Prompt -
Repeat the listing exactly. Pictures stay out of your copy.

Collected material -
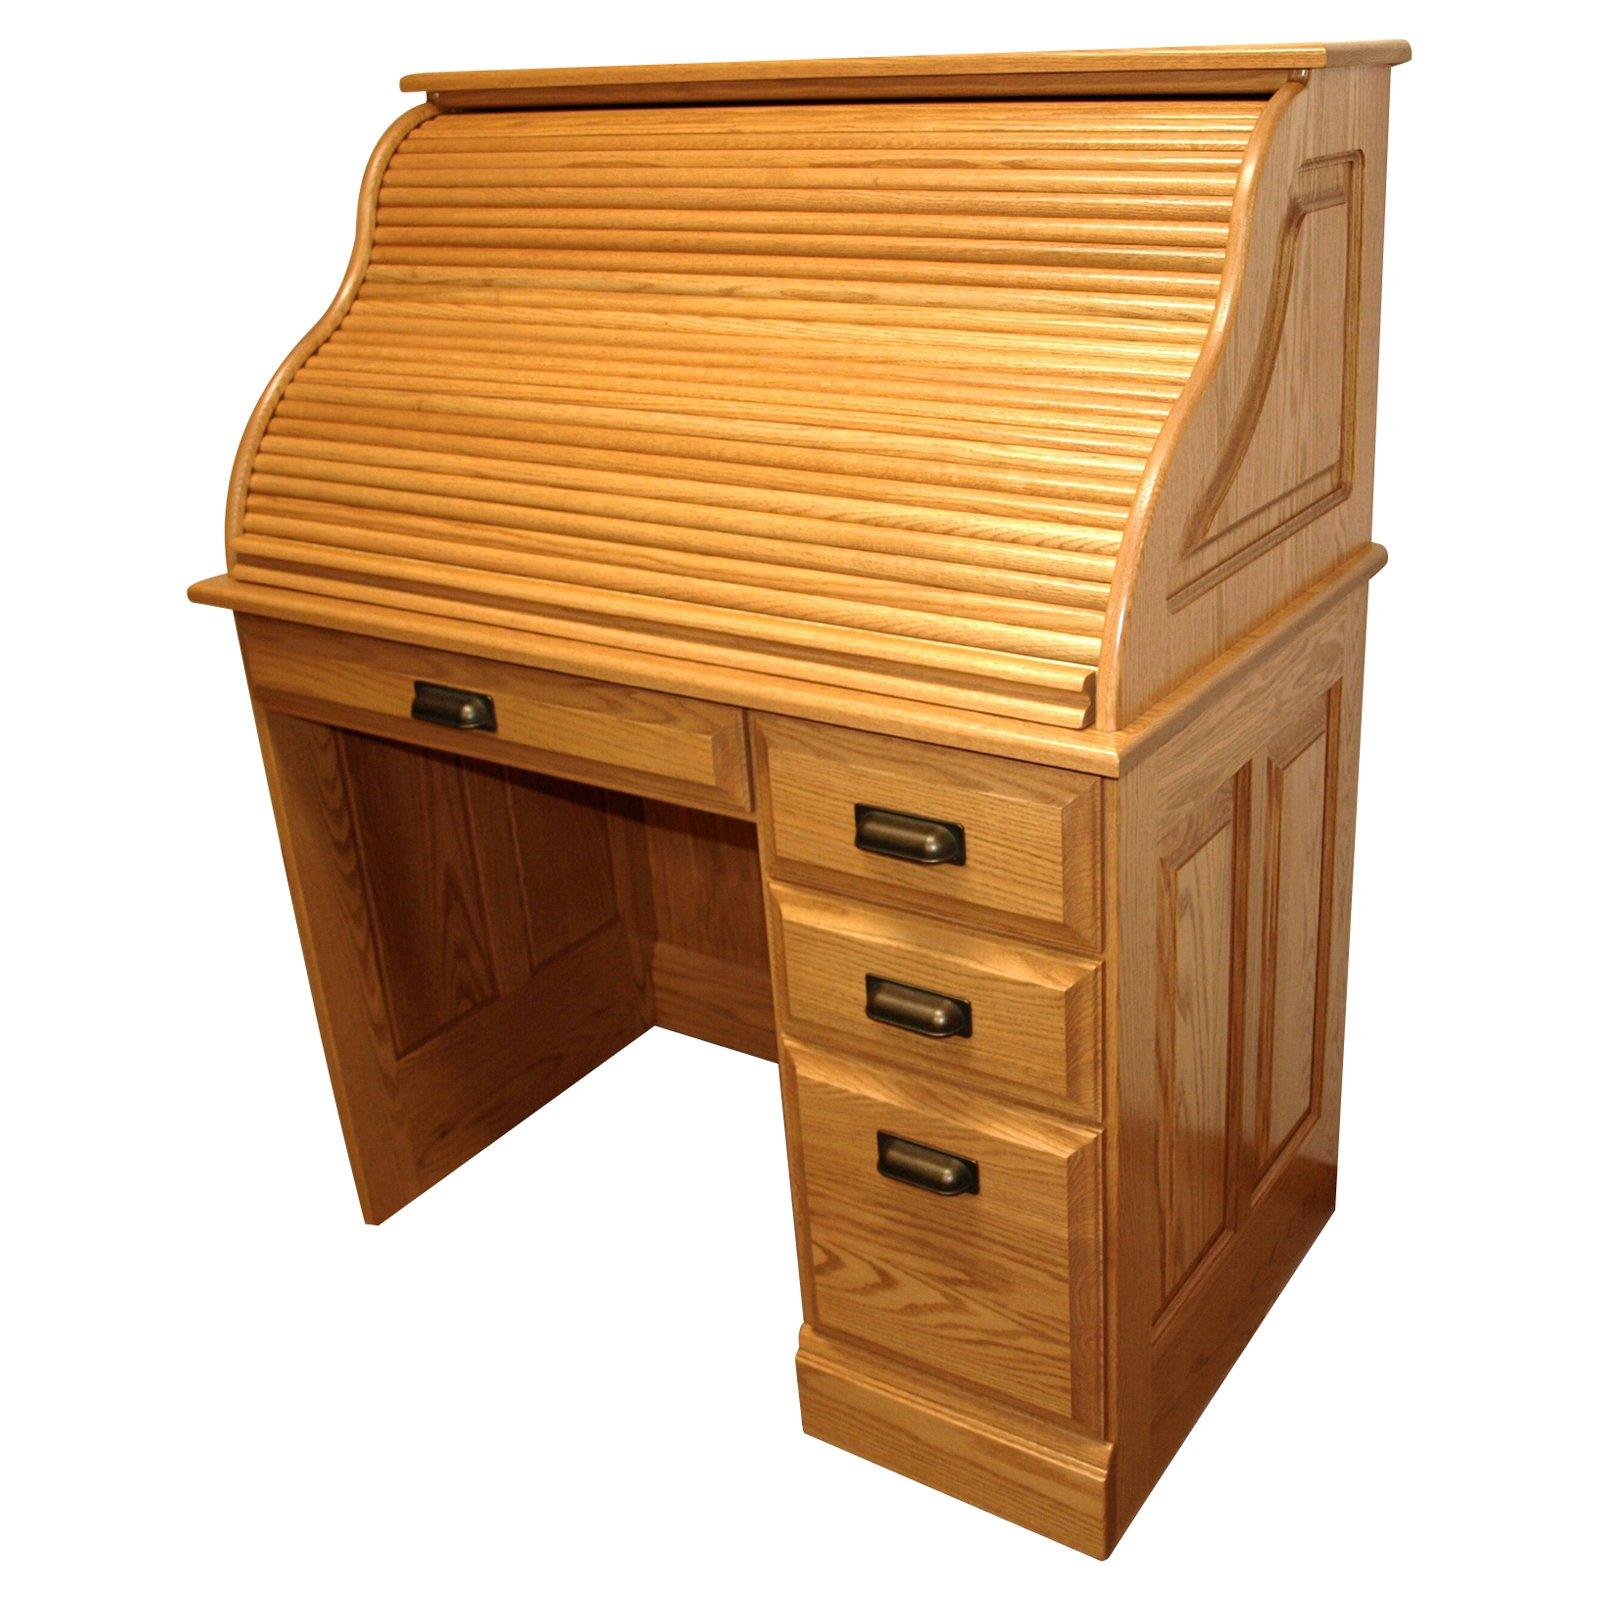 Dakota Handcrafters Single Pedestal Roll Top Desk
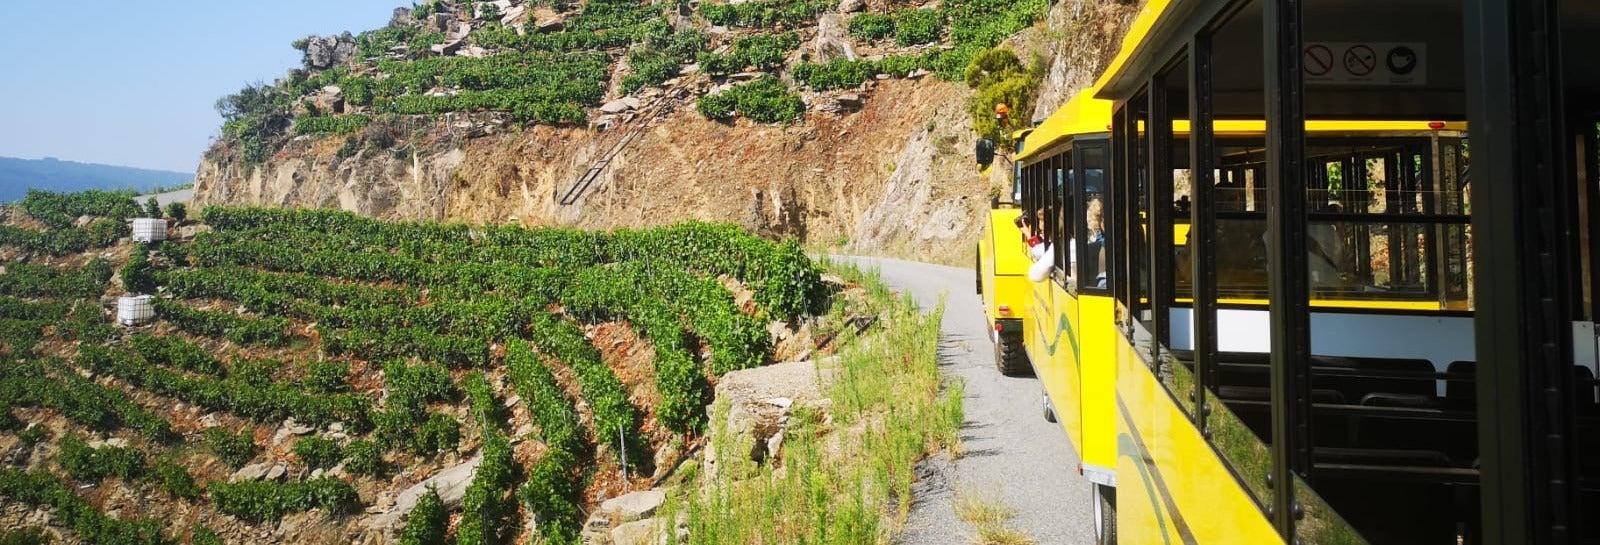 Tren turístico de la Ribeira Sacra
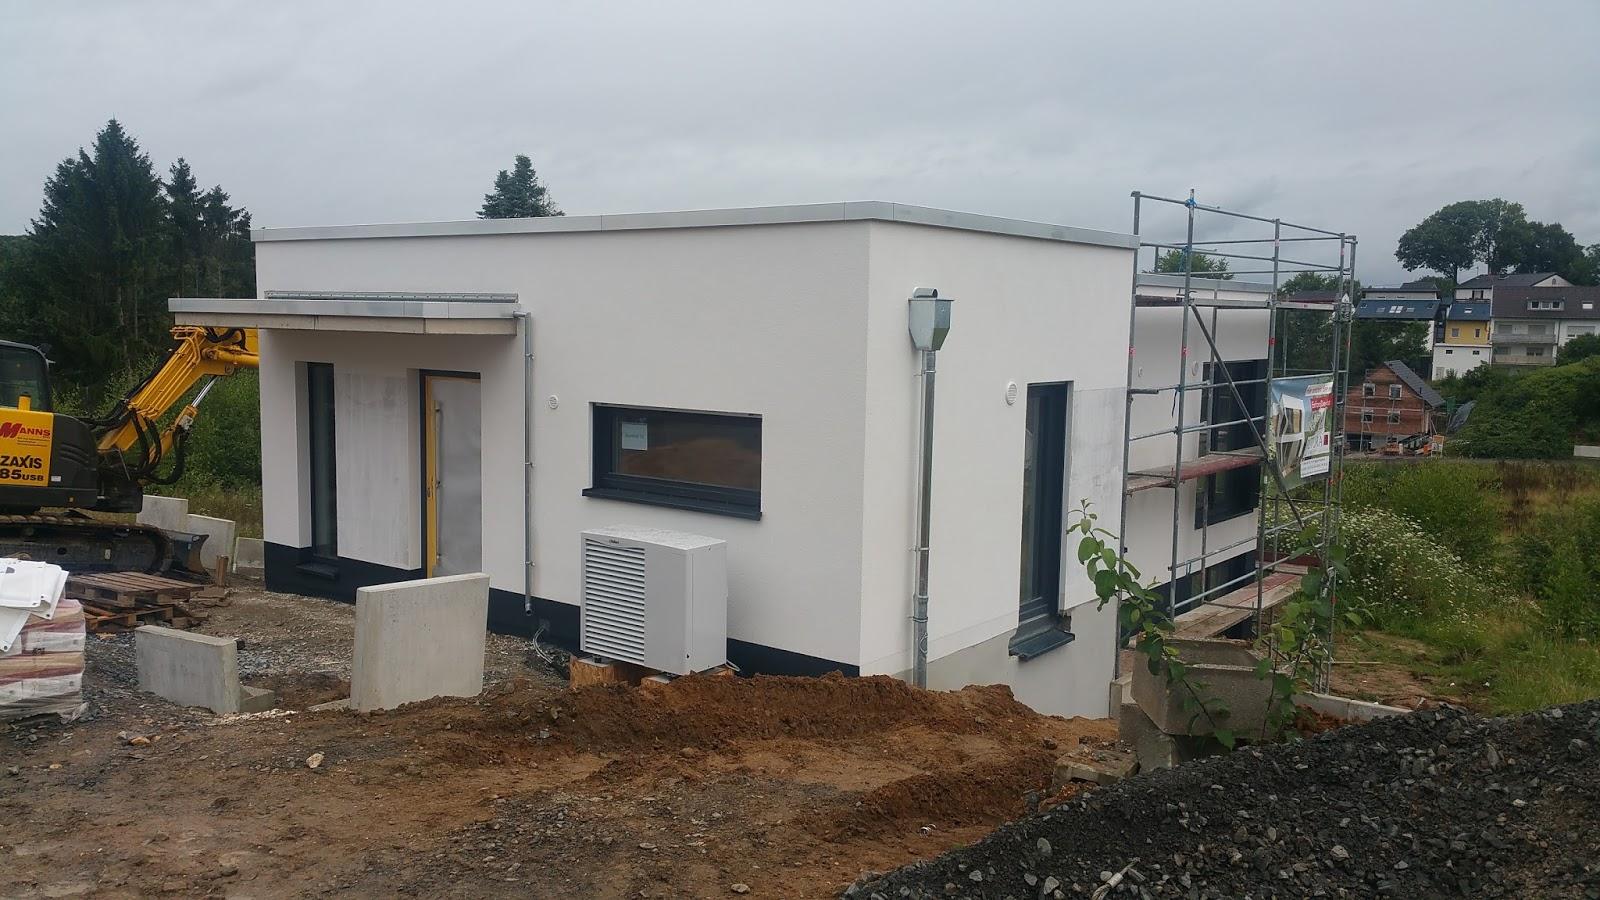 neues energiesparhaus von pictura creativhaus am limperichsberg das haus bekommt ein 39 gesicht 39. Black Bedroom Furniture Sets. Home Design Ideas
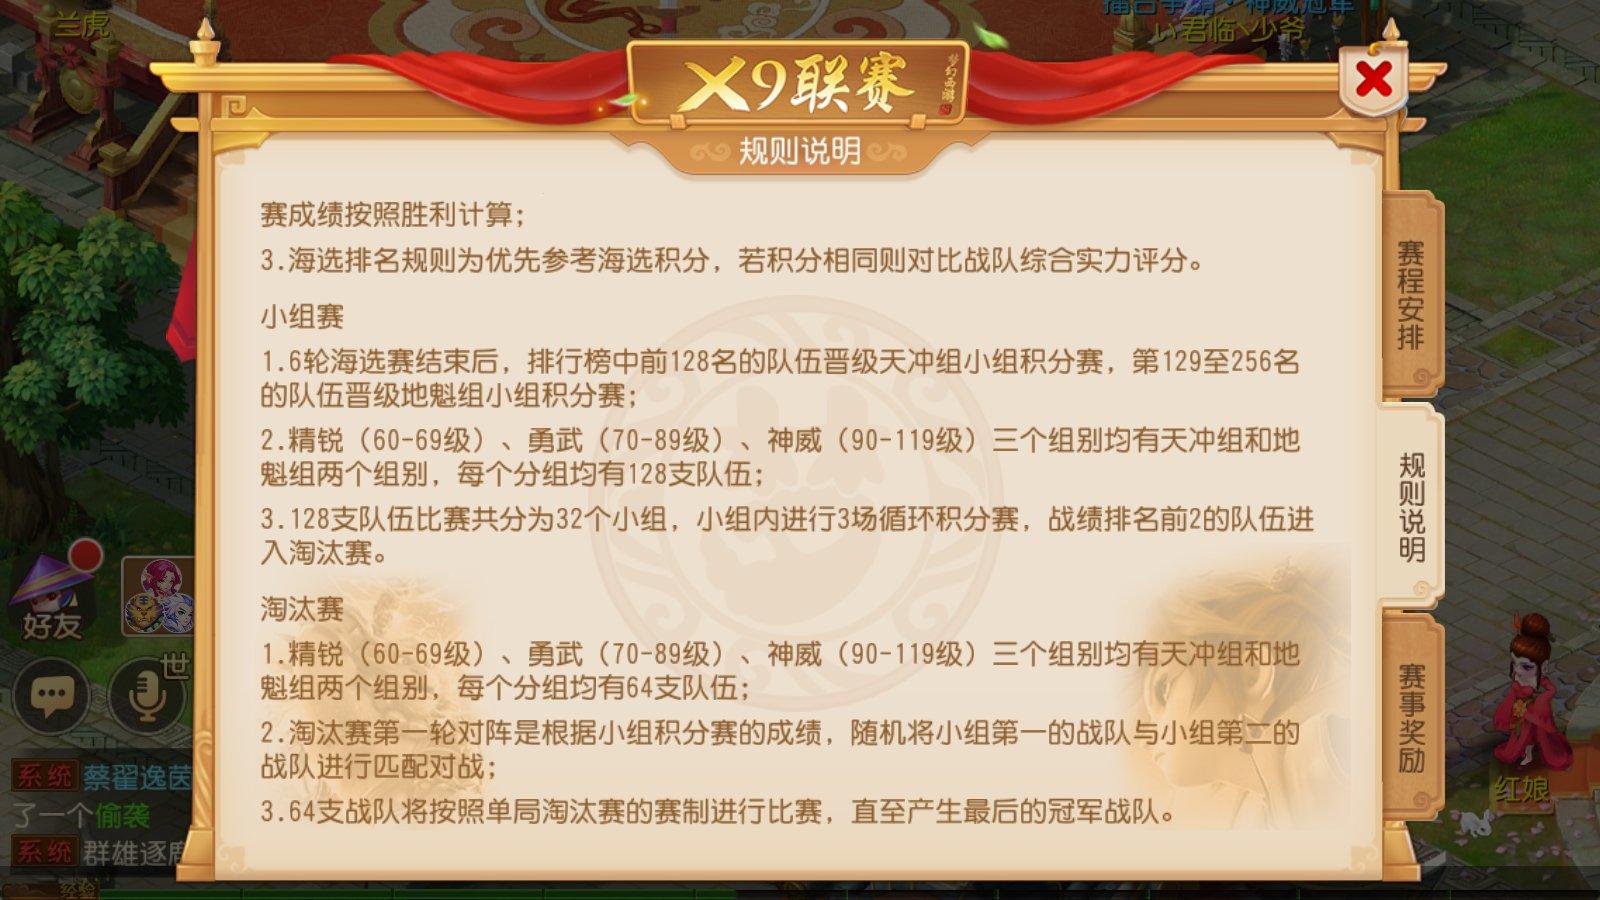 巅峰对决,《梦幻西游》手游X9联赛淘汰赛战果出炉

Response to the task -
 Dakota Handcrafters Single Pedestal Roll Top Desk
 Tren turístico de la Ribeira Sacra
 neues energiesparhaus von pictura creativhaus am limperichsberg das haus bekommt ein 39 gesicht 39. Black Bedroom Furniture Sets. Home Design Ideas
 巅峰对决,《梦幻西游》手游X9联赛淘汰赛战果出炉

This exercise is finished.